Work request — Every line of the data is to be transcribed as it stands.

====== Supplied information

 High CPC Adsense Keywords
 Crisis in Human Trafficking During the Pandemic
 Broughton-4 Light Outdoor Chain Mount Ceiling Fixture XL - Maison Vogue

============

Task output —
 High CPC Adsense Keywords
 Crisis in Human Trafficking During the Pandemic
 Broughton-4 Light Outdoor Chain Mount Ceiling Fixture XL - Maison Vogue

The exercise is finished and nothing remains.